Two people have been injured after a fire was detected on board a United Airlines flight on Friday, forcing the plane to make an emergency landing.
United Flight 32 was headed from Japan to the Philippines when the crew was alerted that flames had erupted in the aircraft’s cargo hold just 50 minutes into the trip.
The plane carrying 142 passengers and crew was still over Japan when its pilots turned back and landed at Kansai International Airport near Osaka around 6am ET.
United Flight 32 was met on the runway by emergency crews and fire trucks, although there was no visible damage to the outside of the aircraft.
A United Airlines spokesperson told the Daily Mail that two passengers were taken to a local hospital after suffering minor injuries in the emergency.
However, they said crews could not find any signs that a fire had actually broken out after an inspection at Kansai International.
‘United Airlines flight 32 from Tokyo-Narita to Cebu, Philippines, diverted to Osaka due to an indication of potential fire in the cargo hold. The aircraft landed safely and passengers deplaned via slides,’ United Airlines said in a statement Friday morning.
It remains unclear what triggered the warning of a fire on board the Boeing 737-800.

Two people were injured after reports of a fire on board a United Airlines flight over Japan Friday
Passengers were seen being rushed off the jet using the inflatable emergency slides on Friday.
‘I was a little unsettled, wondering what the reason was, but there was no sign of confusion,’ one passenger on board Flight 32 said, according to Newsweek.
‘After the emergency landing, we were instructed to evacuate, which made me panic. It took about five minutes to evacuate,’ he continued.

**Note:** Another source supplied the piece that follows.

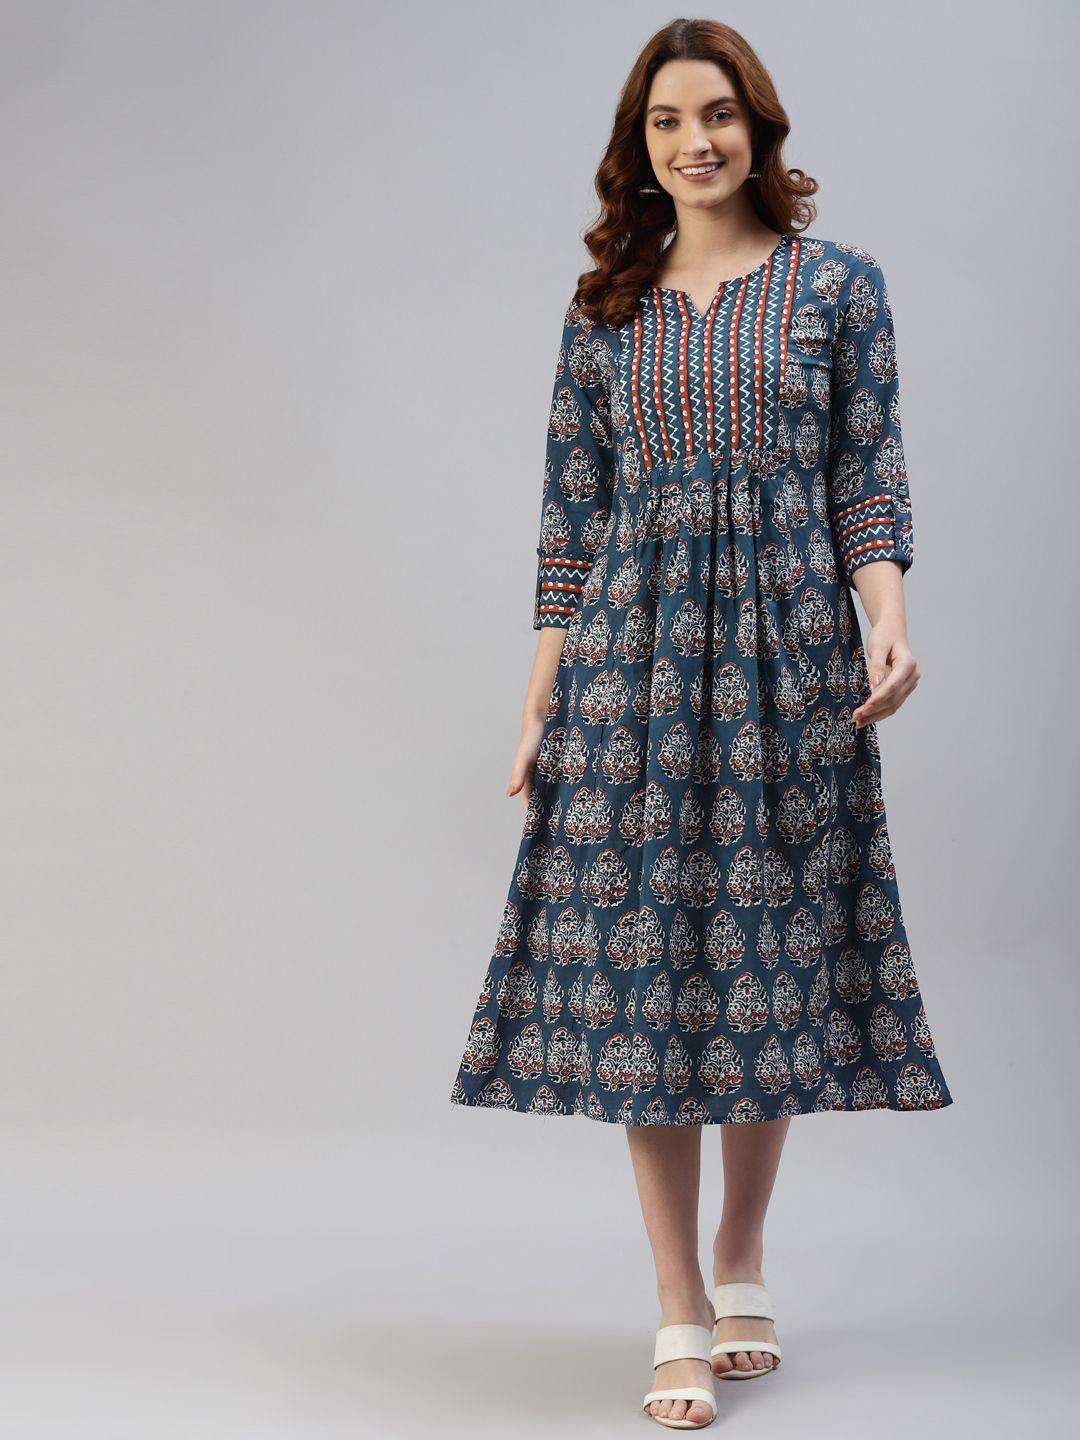 svarchi-women-teal-blue-&-white-ethnic-motifs-printed-a-line-midi-dress

United did not provide any details on how the two passengers were injured during the incident.
The airline, headquartered in Chicago, Illinois, is one of the largest air travel providers in the world, offering flights for both short trips inside the US and long journeys throughout the world.
In 2024, United carried a record 173.6 million passengers, up roughly five percent from the year before.
However, the airline has faced some safety and operational challenges in recent years.
In August, a failure in United’s weight and balance computer system grounded flights across the US for hours, leading to hundreds of delays and cancellations.

Flight-tracking website FlightRadar24 captured United Airlines Flight 32’s sudden course change after the crew detected a fire on board on September 12
All of United’s flights heading for Chicago were halted at their departing airports, and flights to United hubs in Denver, Newark, Houston, and San Francisco were also affected.
In May, two United passenger planes clipped wings at San Francisco International Airport while taxiing on the ground.
Even more problems were reported in 2024, when five accidents involving United passenger flights took place in just one week.
In March of last year, multiple planes were forced to make emergency landings due to a wide range of dangerous mechanical failures, including one plane’s engine catching on fire when it sucked in bubble wrap mid-flight and another passenger jet losing a tire after takeoff.
However, the Federal Aviation Administration (FAA) said in October that it found no significant safety issues in a review of United Airlines.
The agency also ended its enhanced oversight and approval process, which had been delaying United from adding new aircraft and services to customers.
According to AirlineRatings, an airline review site, United was ranked fifth among the safest full-service airlines in the US this year, behind Alaska, Hawaiian, American, and Delta.